In the study I reviewed, Alexa Walter and a team of researchers attempted to uncover potential relationships between single nucleotide polymorphisms (SNPs) in nine genes, and concussion incidence in humans. Very little research has been conducted based on the idea that genetics may influence one’s susceptibility to a concussion, as well as their ability to recover. However, concussion research has become more common since recent studies discovered the high incidence of chronic traumatic encephalopathy (CTE), a brain disease associated with reoccurring head trauma, in NFL players. If a discovery is made to link concussion susceptibility to a specific gene, it would be an incredible advancement for concussion research.
The researchers asked whether concussion history could be predicted by a subject’s genotype at any of the nine SNPs included in this experiment. Their hypothesis was that there is a gene capable of predicting one's concussion history (Walter). However, given that this is a preliminary study, they did not specify in their hypothesis which SNP they expected it to be. The hypothesis was based on the idea that susceptibility to concussions, as well as ability to recover from them, can vary greatly between people, and that much variation in humans is a result of genetic differences.
To test their hypothesis, the researchers collected data on the diagnosed concussion history of 87 football players at Penn State University. They conducted a DNA test for each player, which allowed them to analyze each individuals’ genotype at the nine SNPs (Walter). The researchers picked the SNPs to analyze in this experiment based on their previously known relationships to brain development, brain injury and impulsivity (Paul). With the data, the researchers performed a multinomial logistic regression analysis to develop a numerical value for how well the genotype at each SNP predicted the number of diagnosed concussions each player had. The researchers also created graphs to compare the possible allele combinations of each gene, with the normalized number of diagnosed concussions for the players with those genotypes. To maintain clarity, the graphs I created to depict data predictions for both supported and null hypotheses, show what the data would look like if the hypothesis is supported or rejected for a specific gene, rather than including graphs for all nine genes that were tested. If the hypothesis is supported for any given gene, a group with one combination of alleles will have a significantly higher
normalized number of diagnosed concussions than those with other combinations of alleles (Figure 1). If the hypothesis is incorrect, the groups representing each possible genotype will have relatively similar histories of diagnosed concussions (Figure 2).

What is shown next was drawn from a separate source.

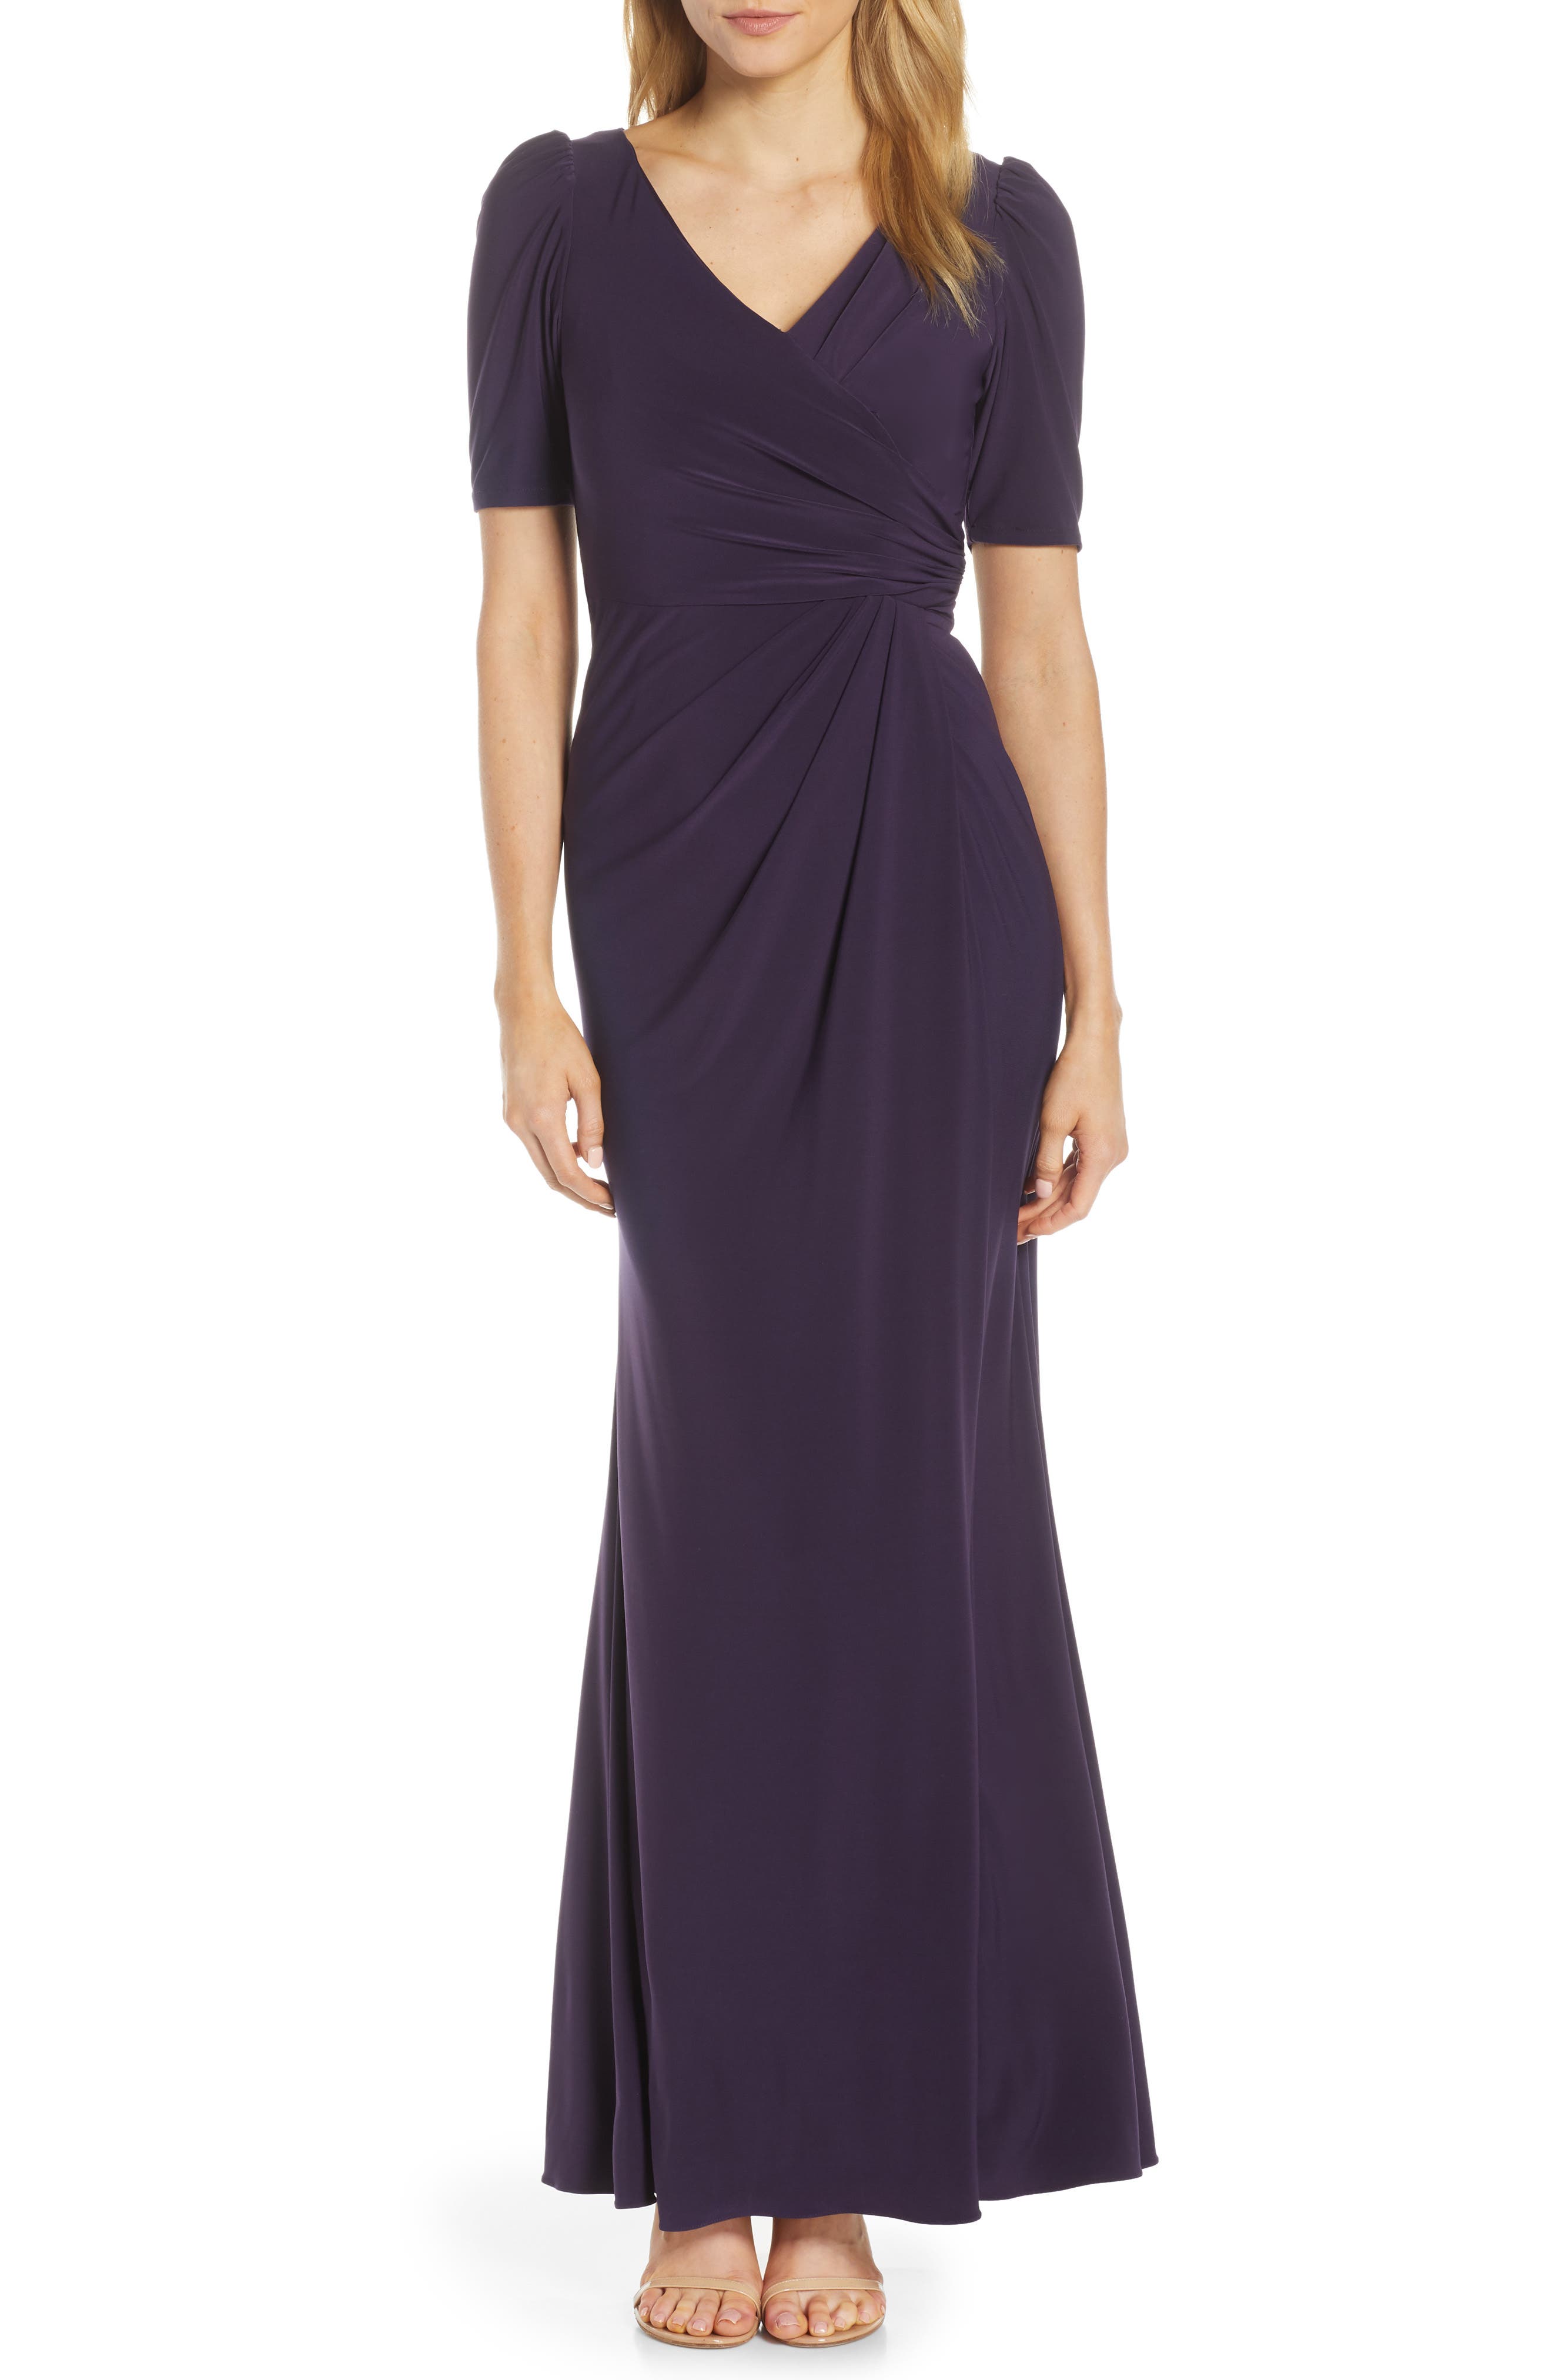 adrianna papell jersey gown

Out of the nine genes, only KIAA0319 predicted concussion history with significant accuracy (Walter). KIAA0319 has three different possible genotypes: CC, CT, and TT (Walter). The researchers created a graph of each, depicting the normalized number of concussions in comparison to each of the three genotypes. The graph clearly indicates a linear relationship between genotype and diagnosed concussion frequency (Figure 3). Subjects with the TT genotype were least likely to have had a diagnosed concussion, subjects with the CC genotype were more likely to have had a diagnosed concussion, and subjects with the CT genotype fell in the middle. This indicates that the hypothesis was supported in this experiment because the KIAA0319 gene was able to predict a player’s concussion history with 95% accuracy (Walter). From this we can infer that there may be a relationship between the T allele of KIAA0319 and ones’ susceptibility and response to a concussion. The TT genotype is commonly associated with dyslexia (Paul). However, in this experiment players with the TT genotype had the lowest number of diagnosed concussions in comparison to the CT and CC genotypes. This information leaves me with several additional questions. Is there another experiment that could be conducted to provide stronger evidence for the relationship between KIAA0319 and concussion susceptibility? And if this relationship is proven, why is it that people with the T allele are less susceptible to concussions?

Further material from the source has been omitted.